Dielectric constant 3.20, dielectric loss tangent 0.064
Adhesion with copper foil: Swelling was observed ... 3, and copper foil and resin sheet were peeled ... 2 pieces.

(Comparative Example 2)
A film-like cured product was produced in the same manner as in Example 1 except that the total of the triazine ring-containing imidazole compound + phosphorus compound was only 5.0 g + 5.0 g as a curing accelerator.
Dielectric constant 3.14, dielectric loss tangent 0.051
Adhesion with copper foil Swelling was observed ... 5 pieces.
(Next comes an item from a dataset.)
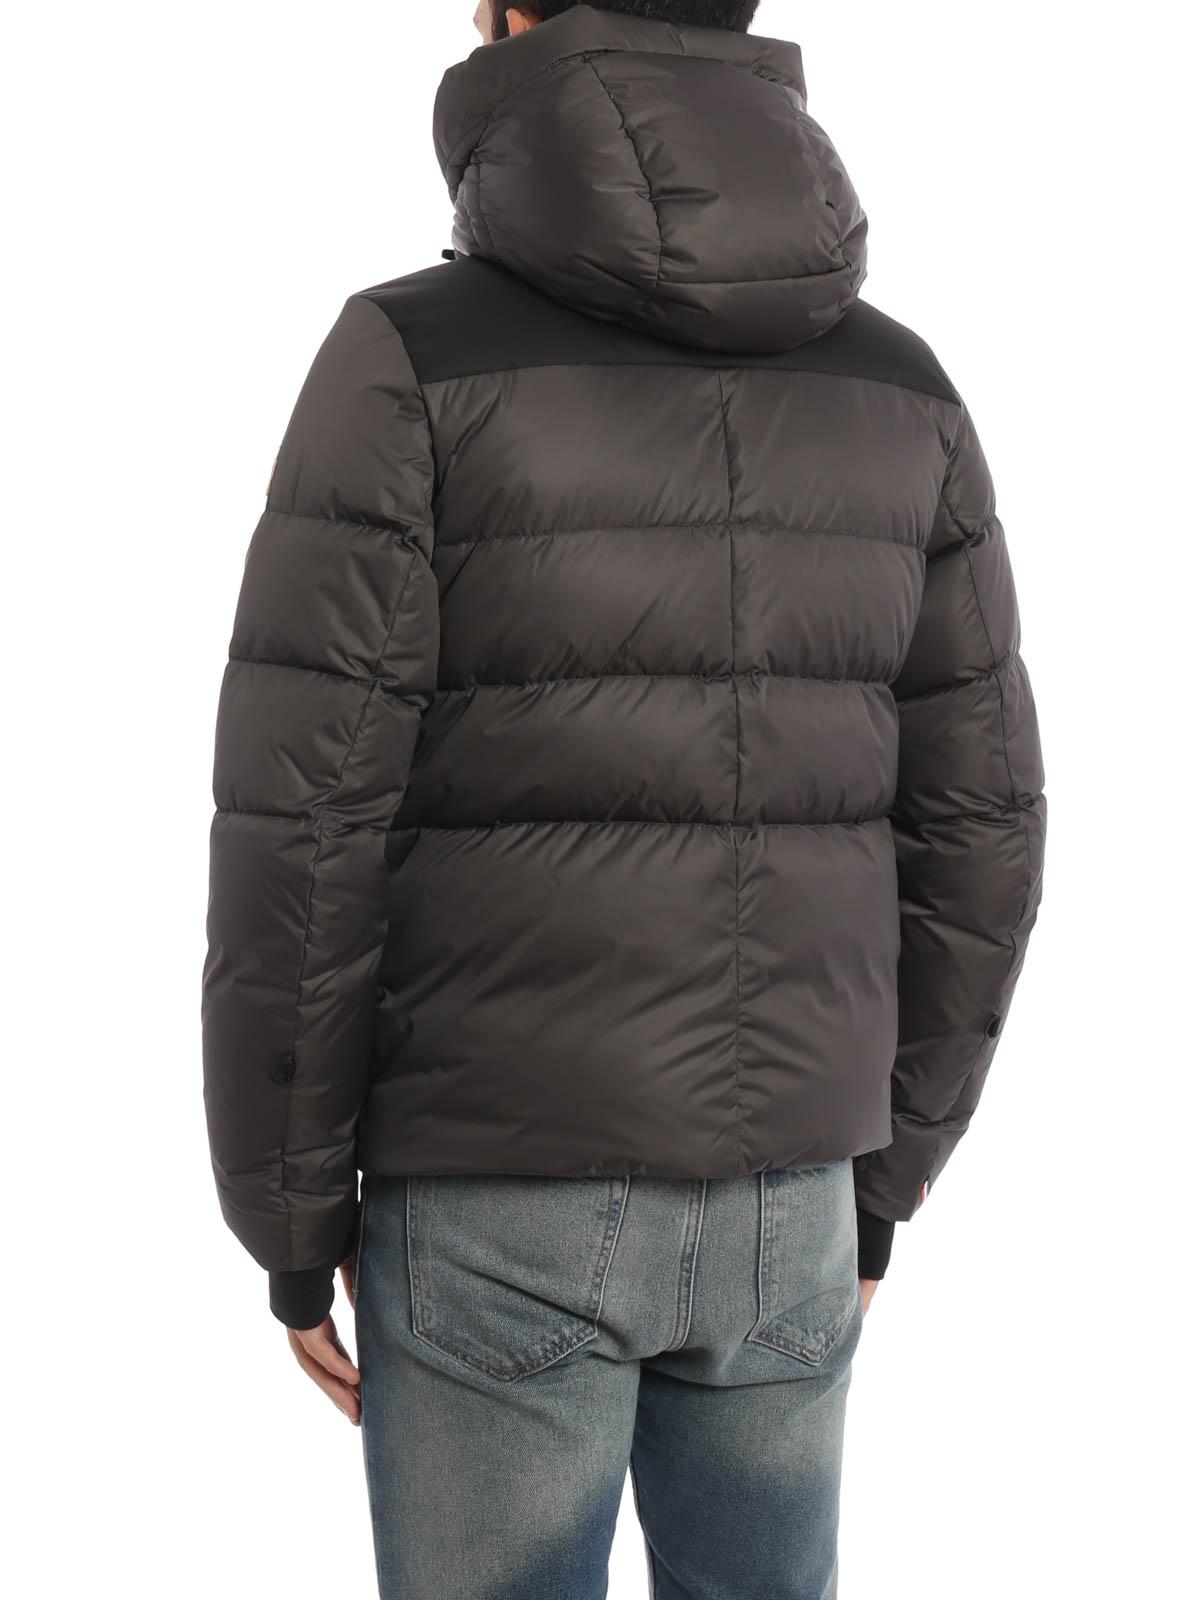 5addf0e36 italy moncler rodenberg puffer coat quiz 2199b 36ce7

  INDUSTRIAL APPLICABILITY The present invention has industrial applicability as a thermosetting resin composition excellent in dielectric constant and dielectric loss tangent, and as a resin film, laminate, and prepreg using the same.

Claims (10)

In a resin composition comprising an epoxy resin, a curing agent, a curing accelerator, and an organic solvent,
The curing agent contains an active ester type curing agent, and the active ester type curing agent is 50 to 200 parts by weight with respect to 100 parts by weight of the epoxy resin,
The curing accelerator includes an imidazole compound and a phosphorus compound, and the content of the curing accelerator is 0.8 to 10 parts by weight with respect to 100 parts by weight of the active ester type curing agent. A thermosetting resin composition.   The thermosetting resin composition according to claim 1, wherein a weight ratio of the imidazole compound and the phosphorus compound is 1: 0.5 to 1: 1.3.   The thermosetting resin composition according to claim 1, wherein the imidazole compound has a triazine ring.   2. The thermosetting resin composition according to claim 1, wherein the total amount of the curing accelerator is 2.5 to 6 parts by weight with respect to 100 parts by weight of the total amount of the active ester curing agent. object   The thermosetting resin composition according to claim 1, further comprising an inorganic filler.   The thermosetting resin composition according to claim 5, wherein the inorganic filler is a layered silicate and / or silica.   A resin film formed by performing a process of volatilizing an organic solvent in the thermosetting resin composition according to any one of claims 1 to 6 and forming a film.   A laminated board comprising a conductive layer made of a plating and copper foil laminate.   A prepreg obtained by impregnating a base material with the thermosetting resin composition according to claim 1 and volatilizing an organic solvent.   A conductive layer comprising plating and copper foil lamination is formed on any of the resin composition according to any one of claims 1 to 6, the resin film according to claim 7, or the prepreg according to claim 9. The laminated board characterized by becoming.